» **INFORMATION GIVEN**
•••

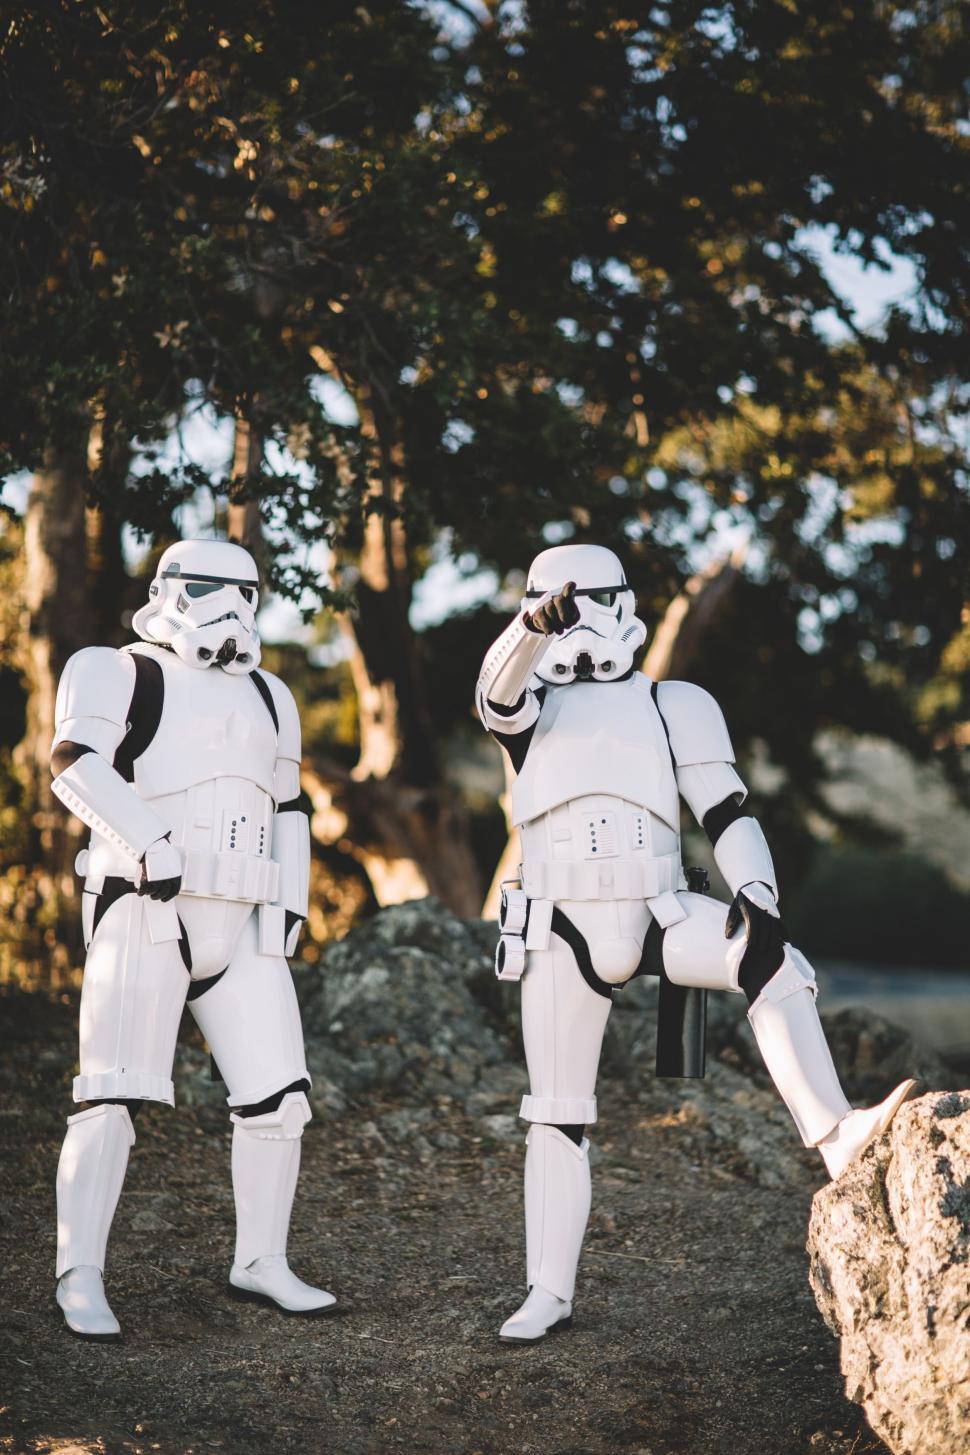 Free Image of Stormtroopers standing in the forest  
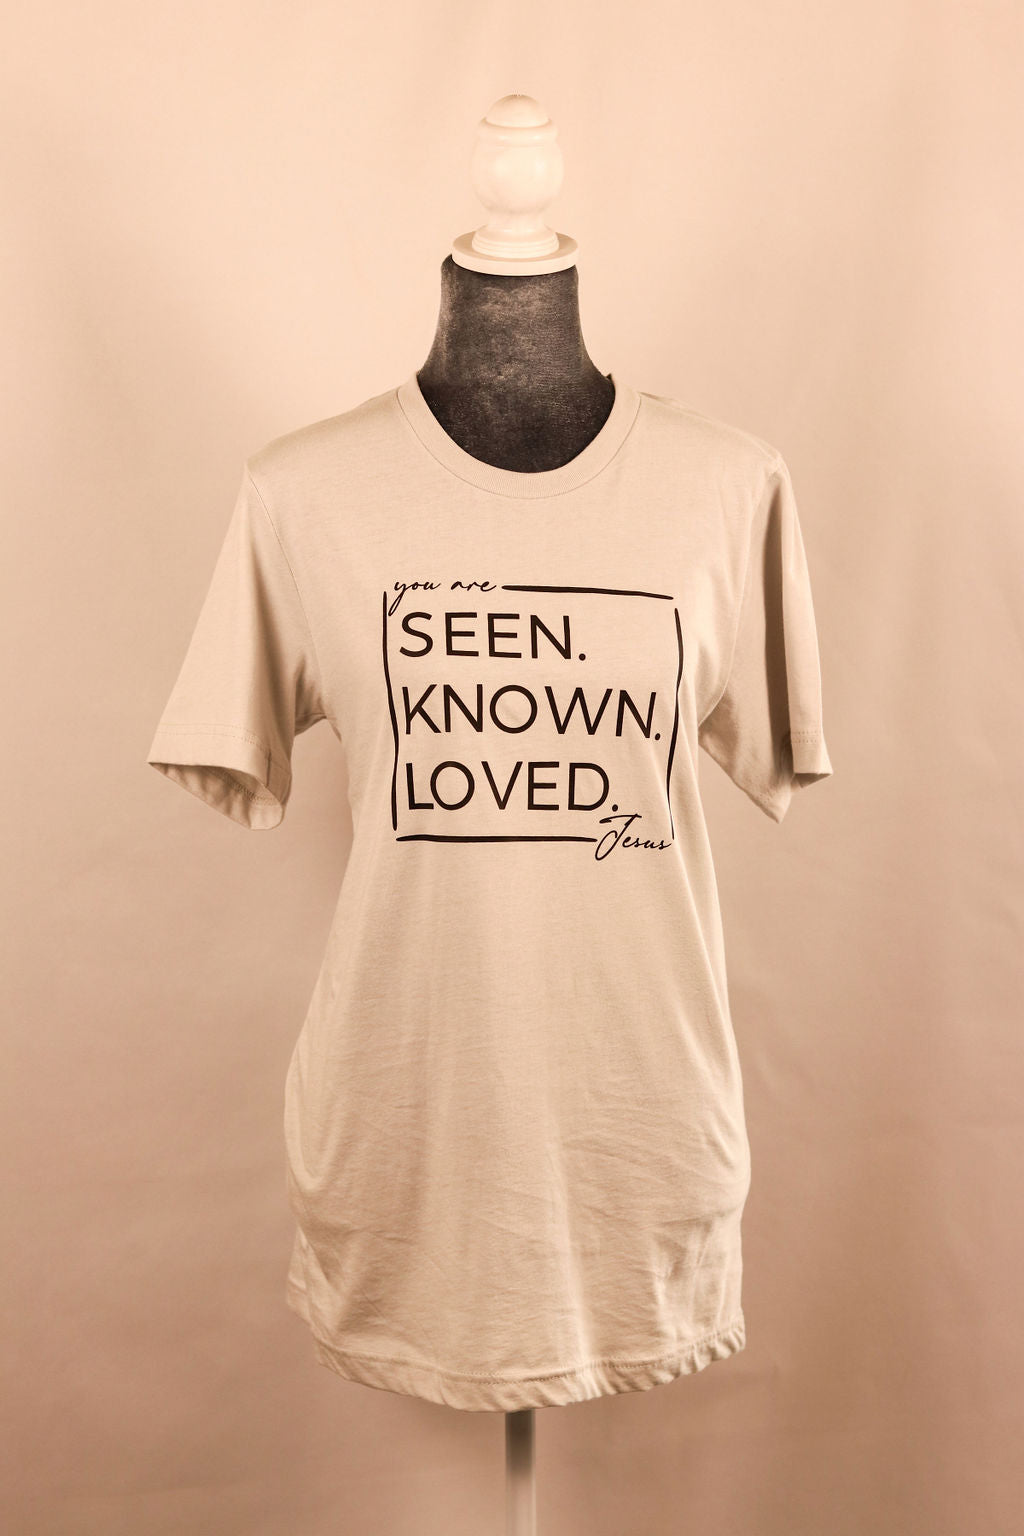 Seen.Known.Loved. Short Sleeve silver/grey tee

•••

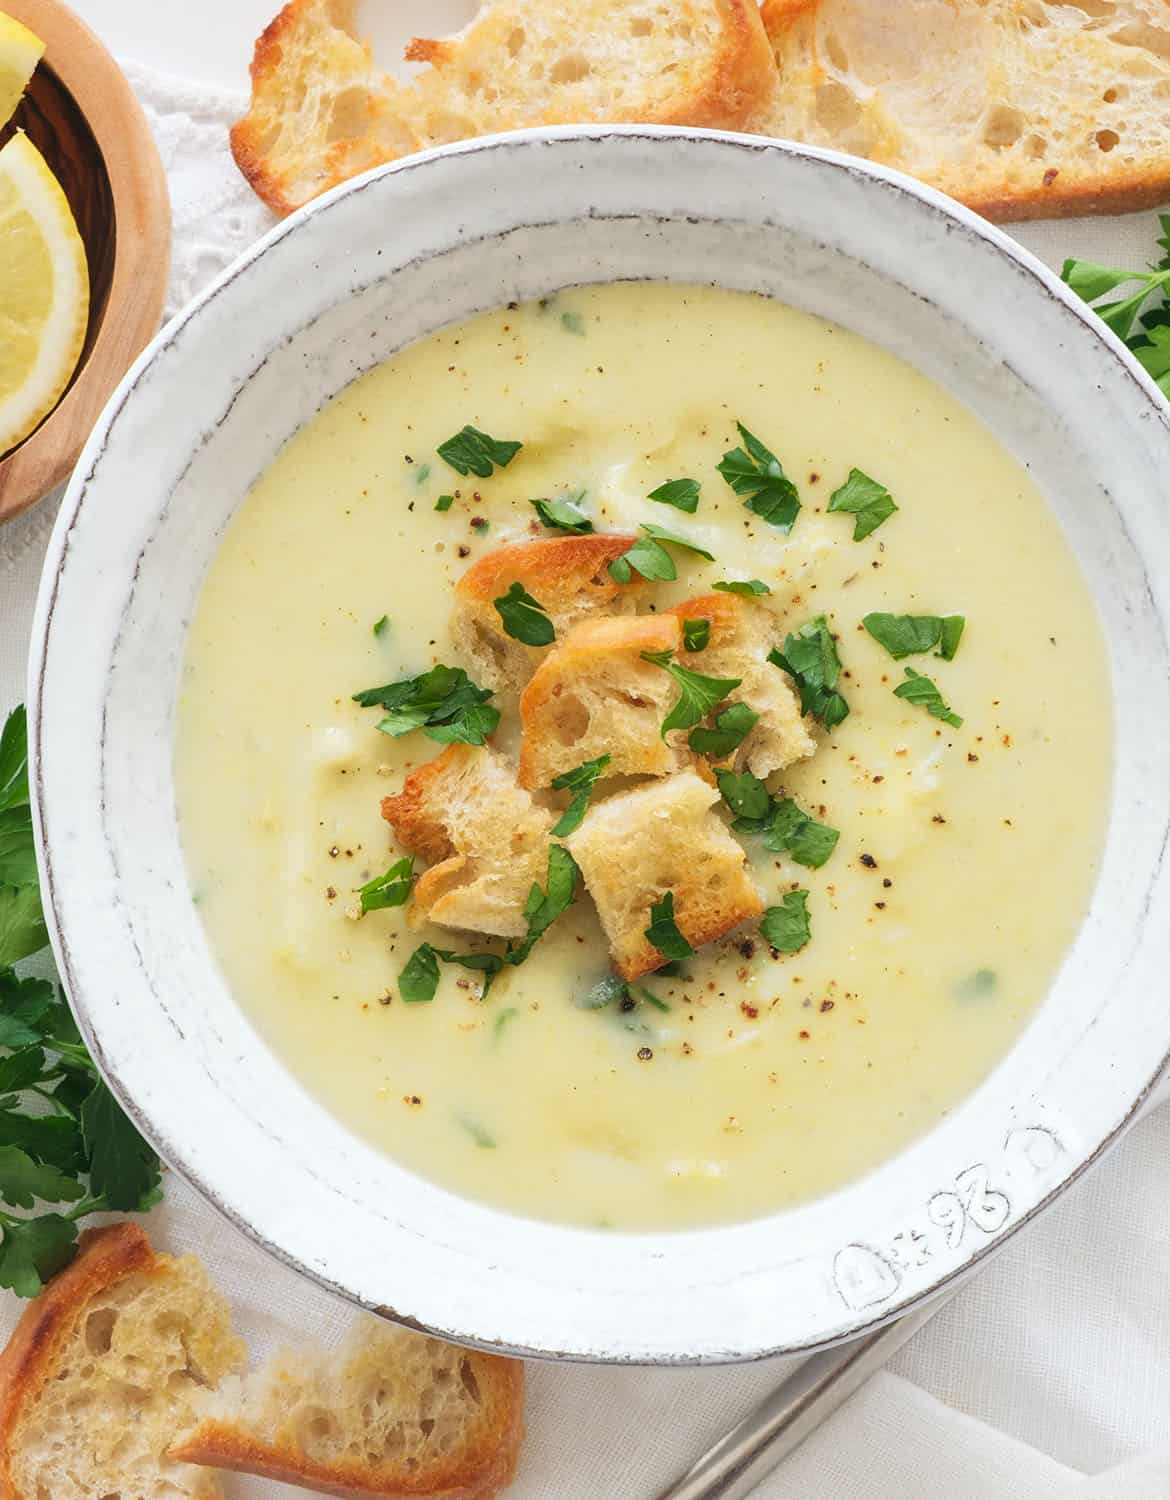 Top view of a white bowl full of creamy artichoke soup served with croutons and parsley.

•••

Exact copy, pictures excluded: from the line with "Free Image of" up to and including the line with "Seen.Known.Loved. Short Sleeve" in the data above.

» **SOLUTION**
 Free Image of Stormtroopers standing in the forest  
 Seen.Known.Loved. Short Sleeve silver/grey tee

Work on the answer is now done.